#### Work required
For the data below, retype word for word the lines from the one containing "The Litz wires" through the one containing "e872a4353 Bolsa Colcci"; drop the pictures.

#### Data to examine

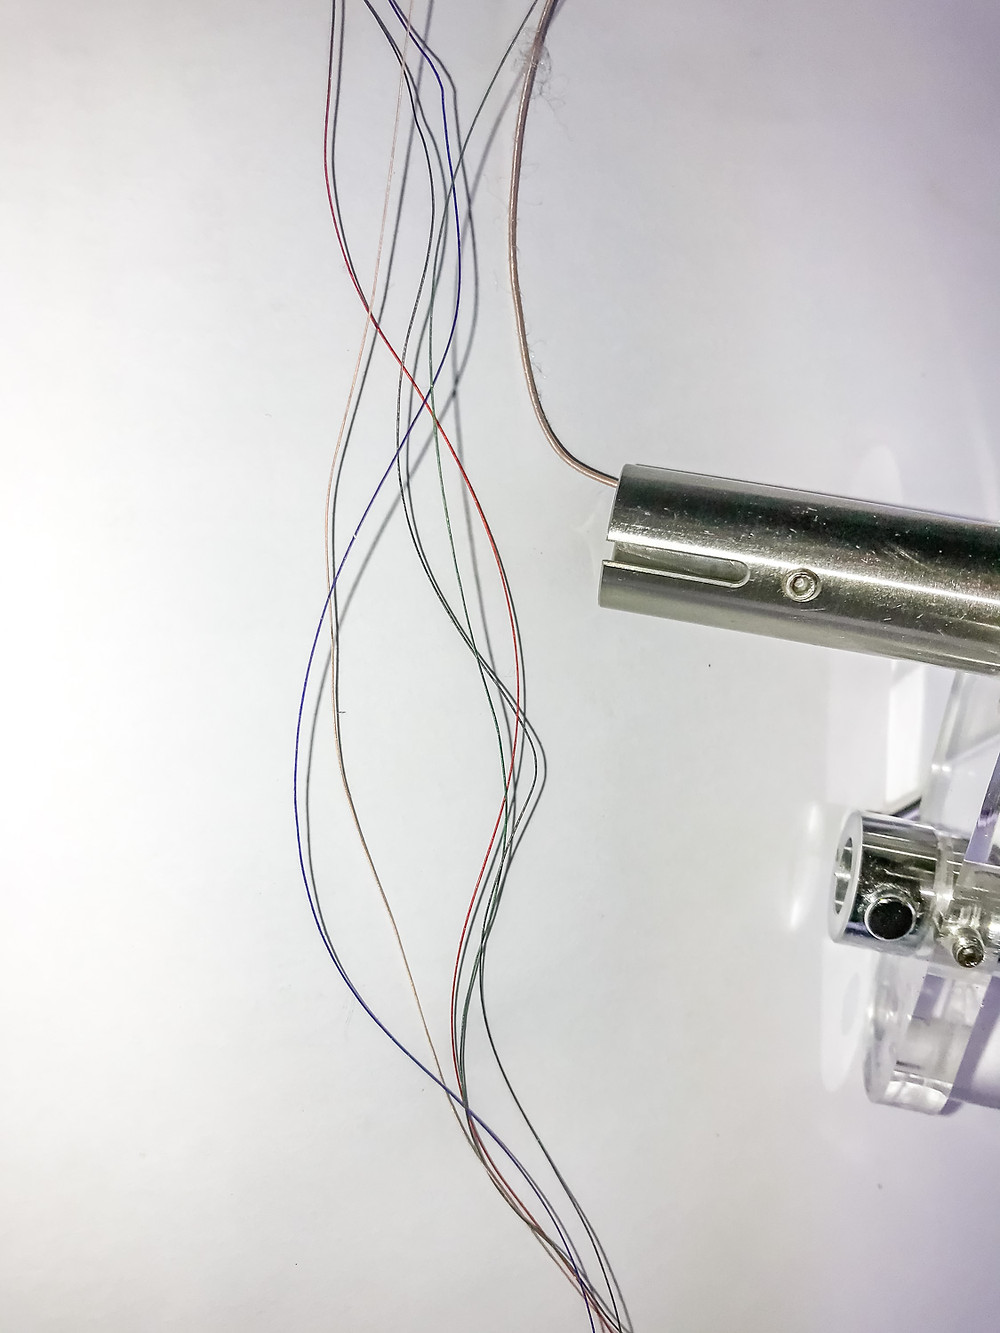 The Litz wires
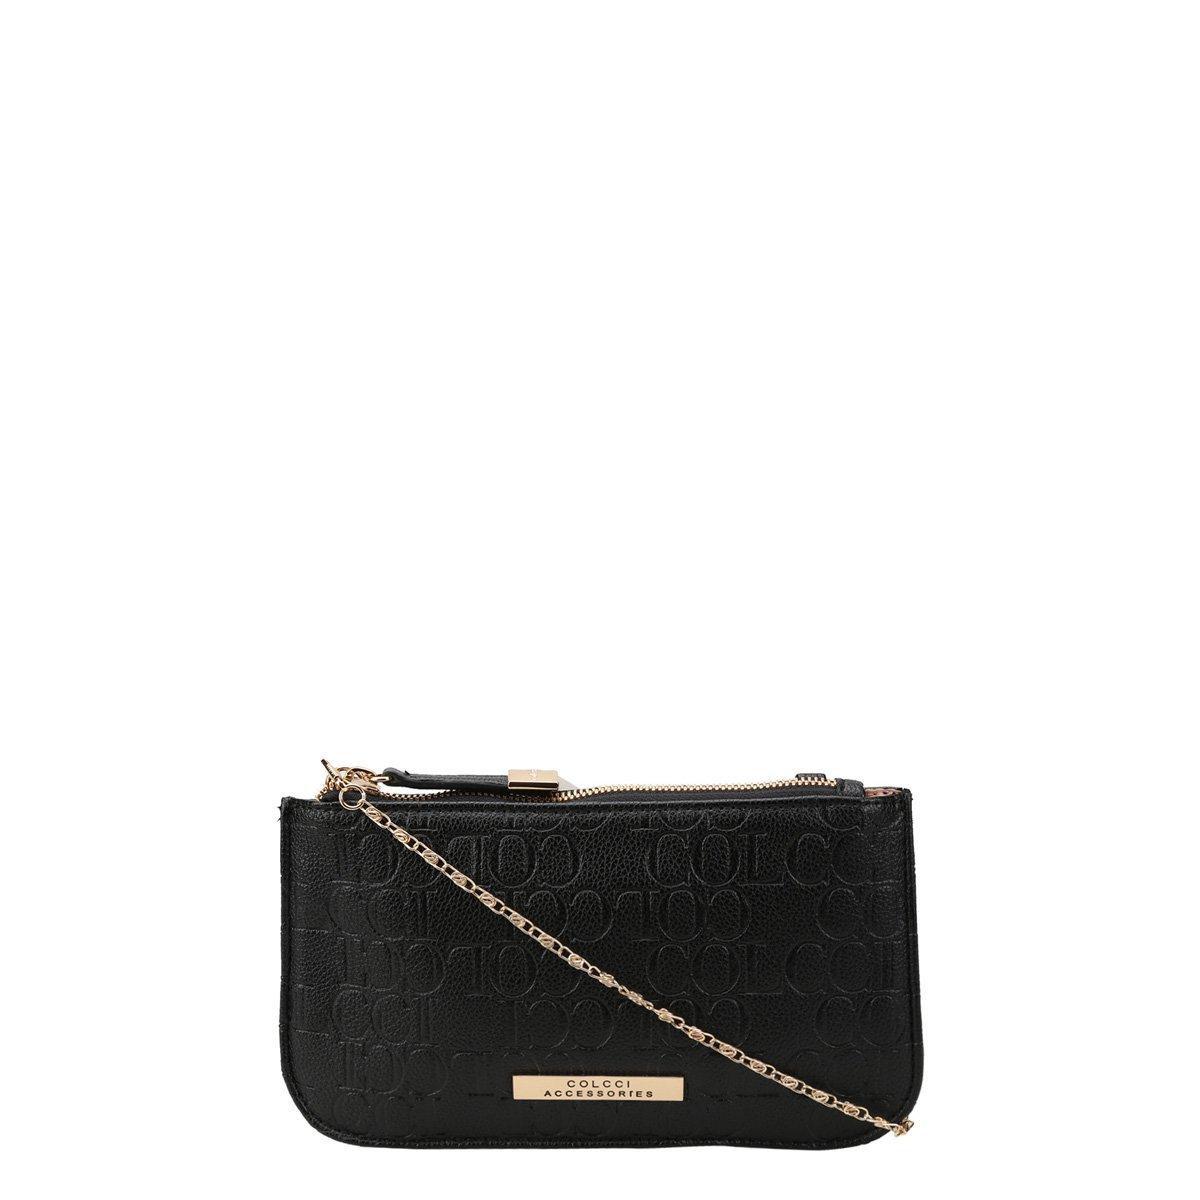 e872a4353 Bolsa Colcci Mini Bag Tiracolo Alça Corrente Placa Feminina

--

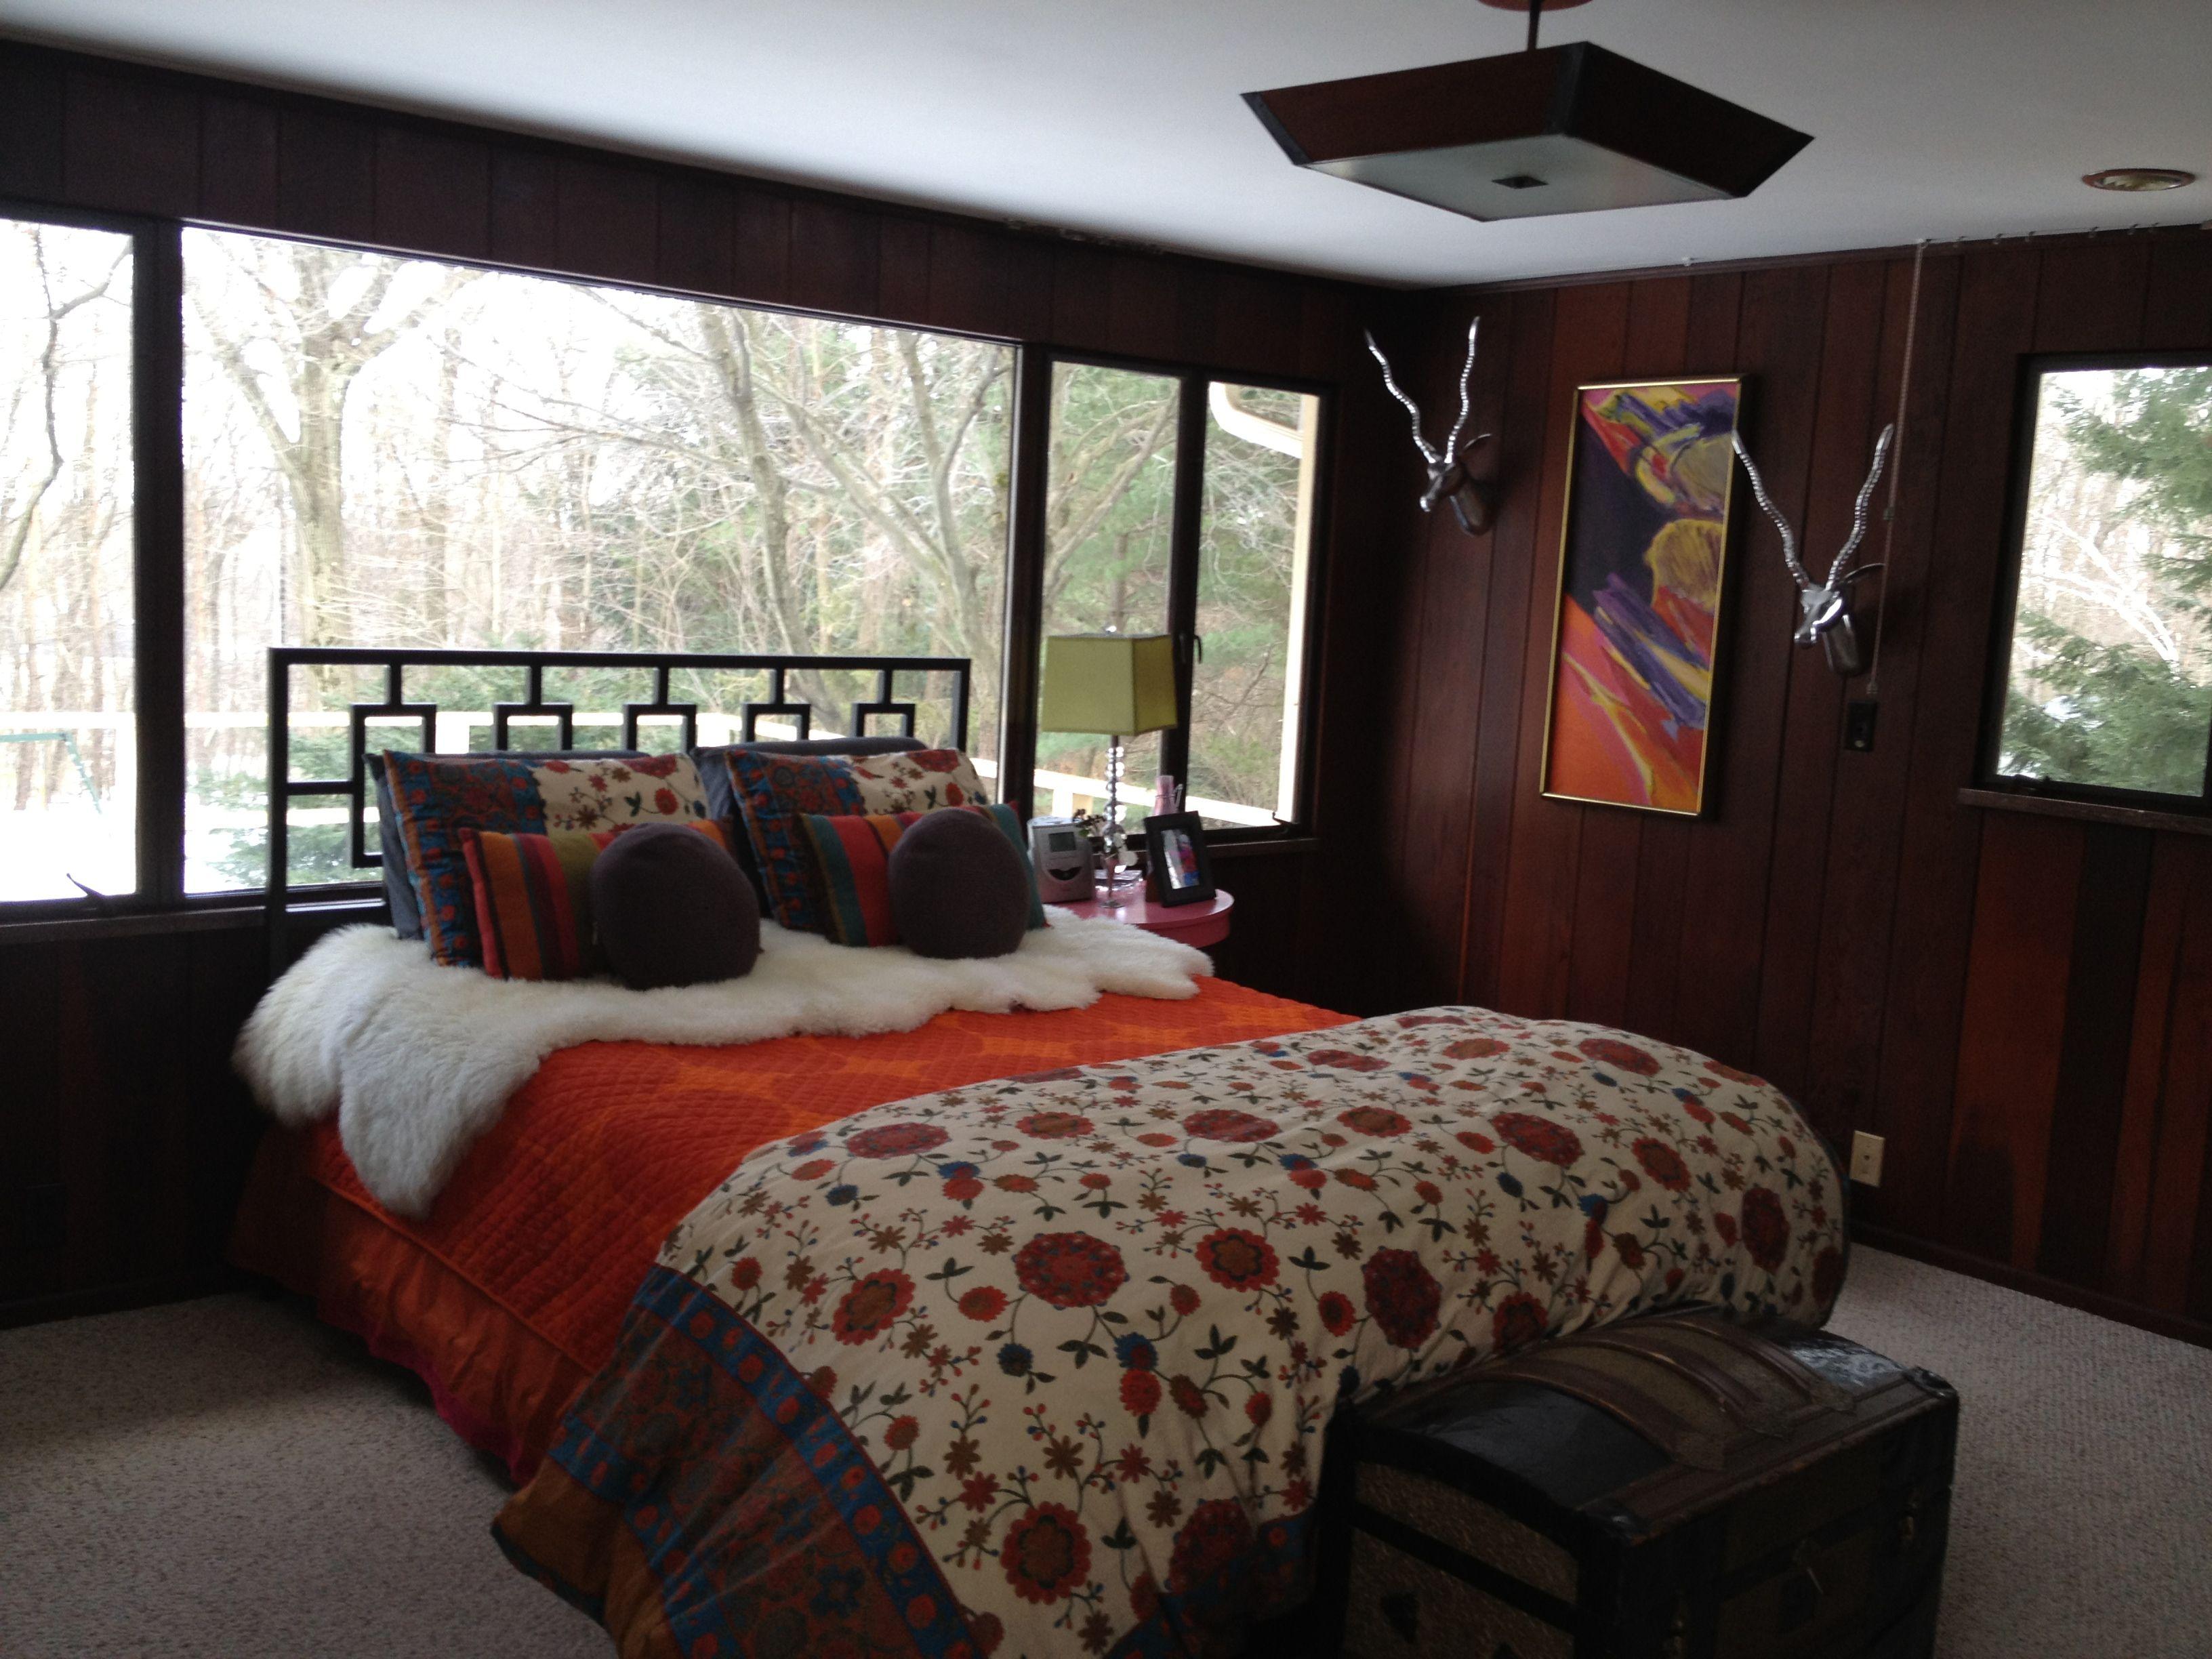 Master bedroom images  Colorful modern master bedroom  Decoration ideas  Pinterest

--

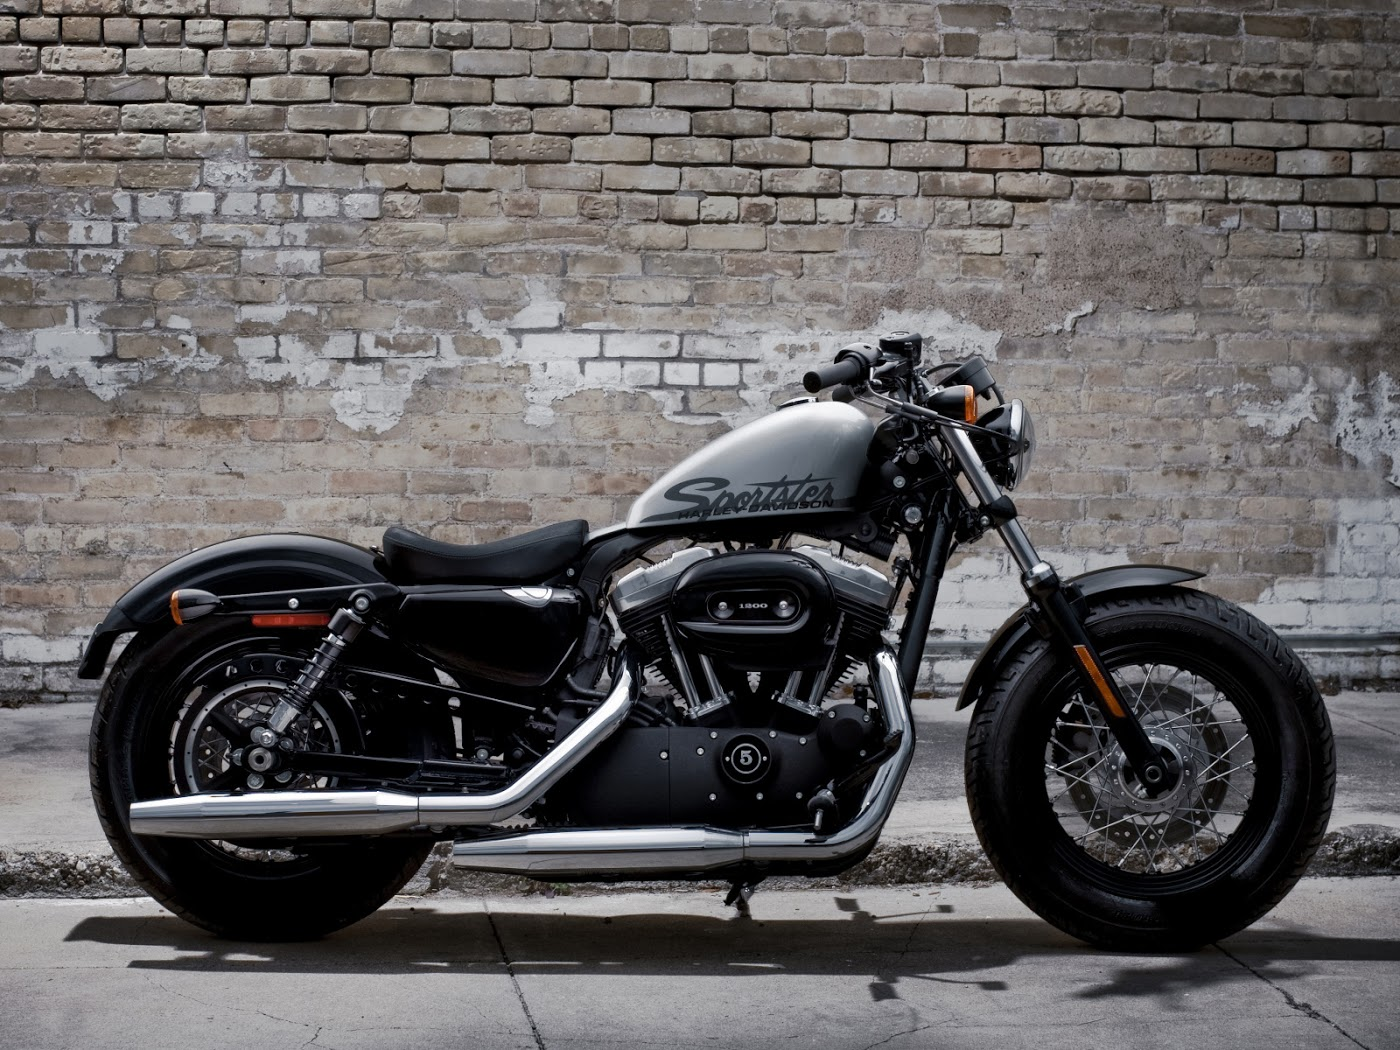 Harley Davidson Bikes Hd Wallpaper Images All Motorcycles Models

#### Your solution
 The Litz wires
 e872a4353 Bolsa Colcci Mini Bag Tiracolo Alça Corrente Placa Feminina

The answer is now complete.